Kim McLeod--IR mosaic

What is this picture?

It's a mosaic of astronomical images from my thesis. The images were obtained with a near-infrared camera at the Steward Observatory 90" Telescope on Kitt Peak near Tucson AZ.

  • The top two images are nearby quasars. These are H-band (wavelength 1.6 microns) pictures. The one on the left is one of the first quasars discovered, 3C273. Its famous jet is visible to the upper right of the quasar. The one on the left is the quasar PG0050+124, aka I Zw 1.
  • The bottom two images show low-power cousins to the quasars: they are Seyfert galaxies. These are K-band (2.2micron) pictures.

    Ooooh, how about this picture?

    It's a look at some images obtained with NICMOS (the Near-Infrared Camera and Multi-Object Spectrometer), which was Shuttled up to the Hubble Space Telescope in 1997. The second column shows what the host galaxies look like when the light from the pesky nucleus has been removed. Each little box is about 10 arcseconds on a side.

    Whoa! What about this ugly one?

    It's a sample of what the NICMOS images look like when they are sent down from the telescope. The big box is 19 arcsec on a side, and the quasar is the bright object to the right of center. There is lots of processing required to remove the effects of cosmic rays, dark current from the detector, differences between the quadrants, variations in pixel-to-pixel response...but they all work out in the end.
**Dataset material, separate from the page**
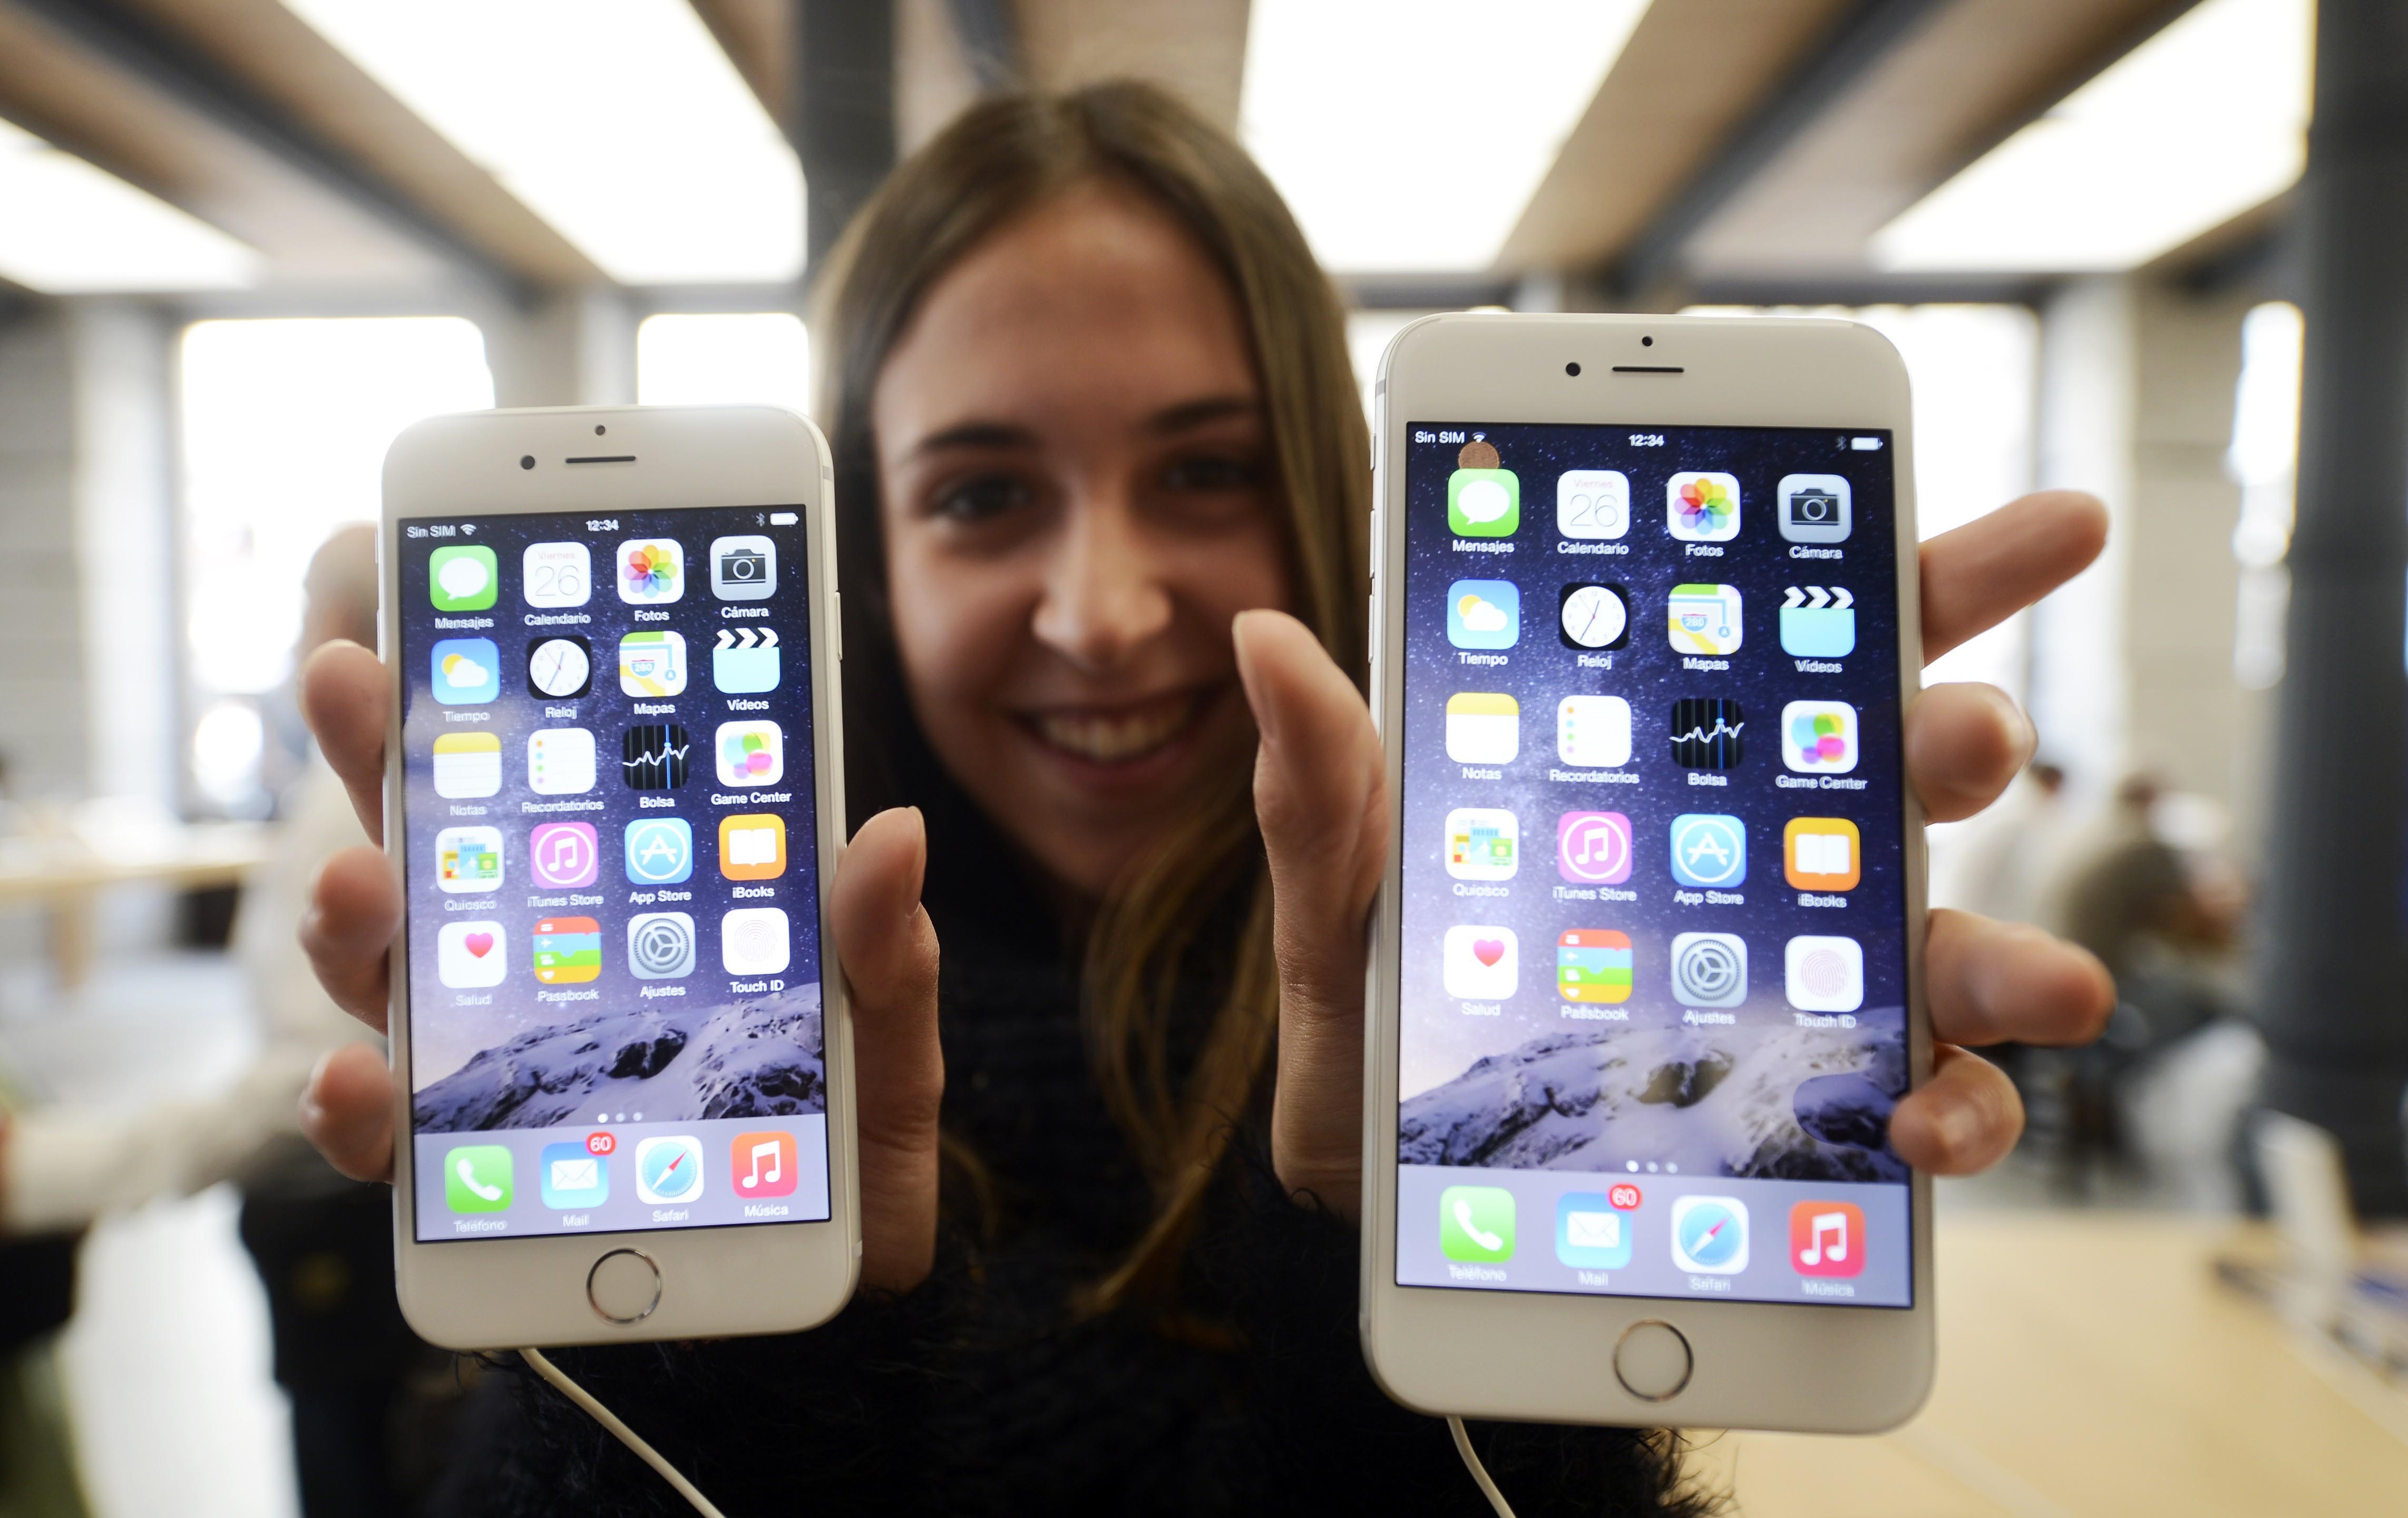 A customer shows the new products of Apple, iPhone 6 and iPhone 6 Plus, at an Apple Store in Madrid, Spain, on September 26, 2014. (Anadolu Agency&mdash;Getty Images)

    What is this other picture?

    It's a mosaic of visible-lightimages of the nearby quasar PG 1116+215 obtained from the HST archive. Shown here are the quasar (upper left); a PSF star having similar saturation level to the quasar (upper right); the PSF-subtracted quasar (lower left); and a nearby galaxy from the same WFPC2 image as the quasar. All images are shown with the same logarithmic stretch, and each image is 20 arcseconds on a side. Considerable noise from saturation, bleeding, and diffraction spikes is present in the central part of the subtracted image. Note the similarity between the subtracted image and the nearby galaxy; if at the redshift of the quasar, the nearby galaxy has a luminosity of L~1.4L*, or several times that of our Milky Way.